Avec la partie intitulée « Bloodshot Island », retour aux fondamentaux : Mico Suayan et David Baron sont à nouveaux là, place à l’action et aux confrontations à répétition. Il s’agit aussi de recoller ensemble les précédents arcs et de préparer le final qui, étrangement, se fait dans une autre série. « Bloodshot Island » n’est pas très intéressant, il faut le reconnaître. Mais cette partie apporte un peu de profondeur au récit en développant un peu le monde mis en place et apporte son lot de nouveaux personnages. Il faut se contenter d’un récit survolté superbement mis en image car le dernier single issue, le 18, n’apporte rien, si ce n’est des longueurs et une autre paire d’artistes peu marquants. C’est donc avec une minisérie, Bloodshot USA, que l’histoire développée jusqu’ici par Jeff Lemire sur plus de 460 pages s’achève. Les quatre numéros ne proposent qu’une fin facile, prévisible, sans grand intérêt, assez téléphonée, qui survient après des combats peu passionnants.
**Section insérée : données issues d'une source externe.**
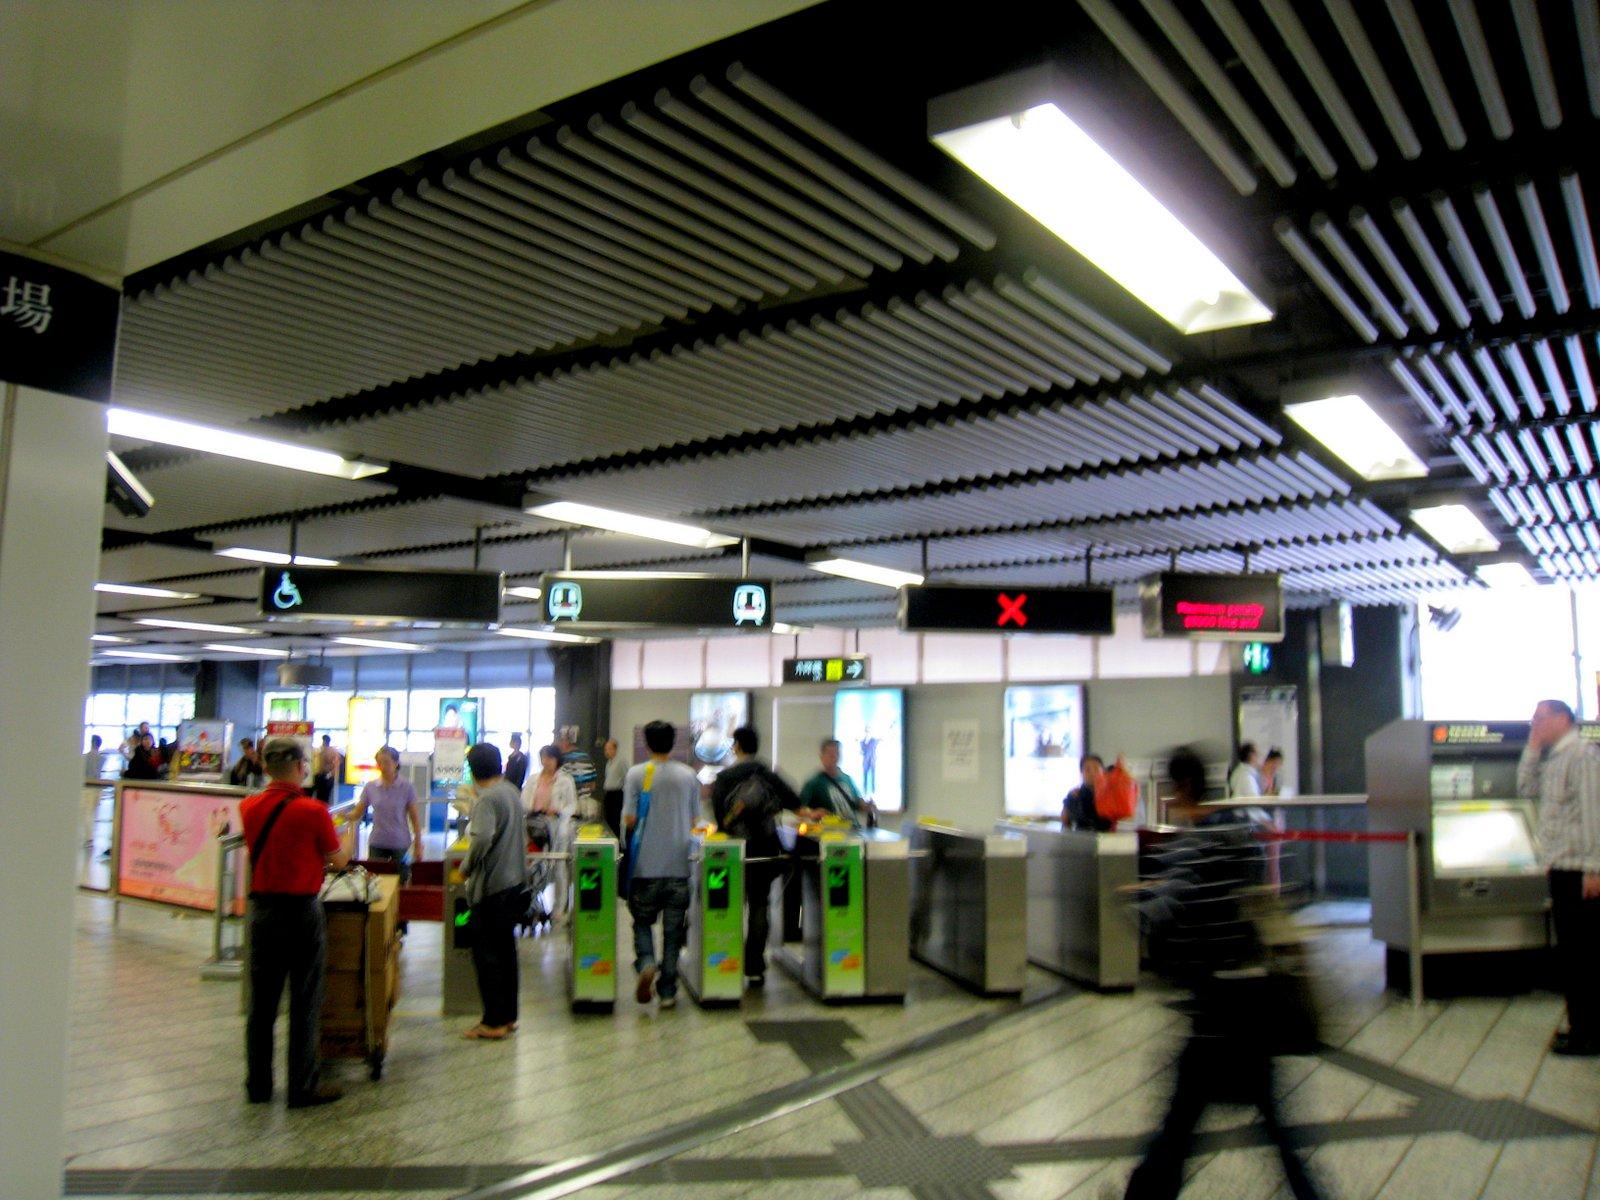 香港九龍地鐵站|地鐵- 香港九龍地鐵站|地鐵 - 快熱資訊 - 走進時代

Tout y est poussif, y compris le dessin classique « comic books », donc banal, de Doug Braithwaite (pourtant un pilier de Marvel) et une colorisation de Brian Reber qui écrase les traits des personnages et abuse des effets, sans avoir le talent de David Baron. L’avantage est que tout ceci se lit vite. Ne parlons pas des quatre récits indépendants publiés originellement dans un annual, c’est-à-dire un numéro spécial qui ne sort qu’une fois par an et qui contient des récits courts auto-conclusifs qui viennent enrichir (ou proposer un délire) un univers à succès. Ils ne sont pas tous inintéressants, notamment celui de Lemire, mais ils n’apportent pas grand-chose. Néanmoins, leur présence est indispensable dans toute intégrale digne de ce nom.
Bref, pour retrouver du Jeff Lemire inspiré, il vaut mieux lire Bloodshot Salvation, une féroce (quoique facile) critique des États-Unis, la version rurale, celle qui supporte Trump. C’est du moins le cas dans la première partie, qui joue aussi beaucoup sur la notion de revanche, ainsi que sur les émotions telles que la haine et la colère. En effet, la seconde est fantastique, sombre, horrifique et basée sur la culture vaudou. Un mélange étonnant et fascinant où le scénariste retrouve toute sa verve et son imagination. C’est ainsi que Lemire apporte une nouvelle preuve de son talent et qu’il mérite réellement d’être un des auteurs à suivre actuellement.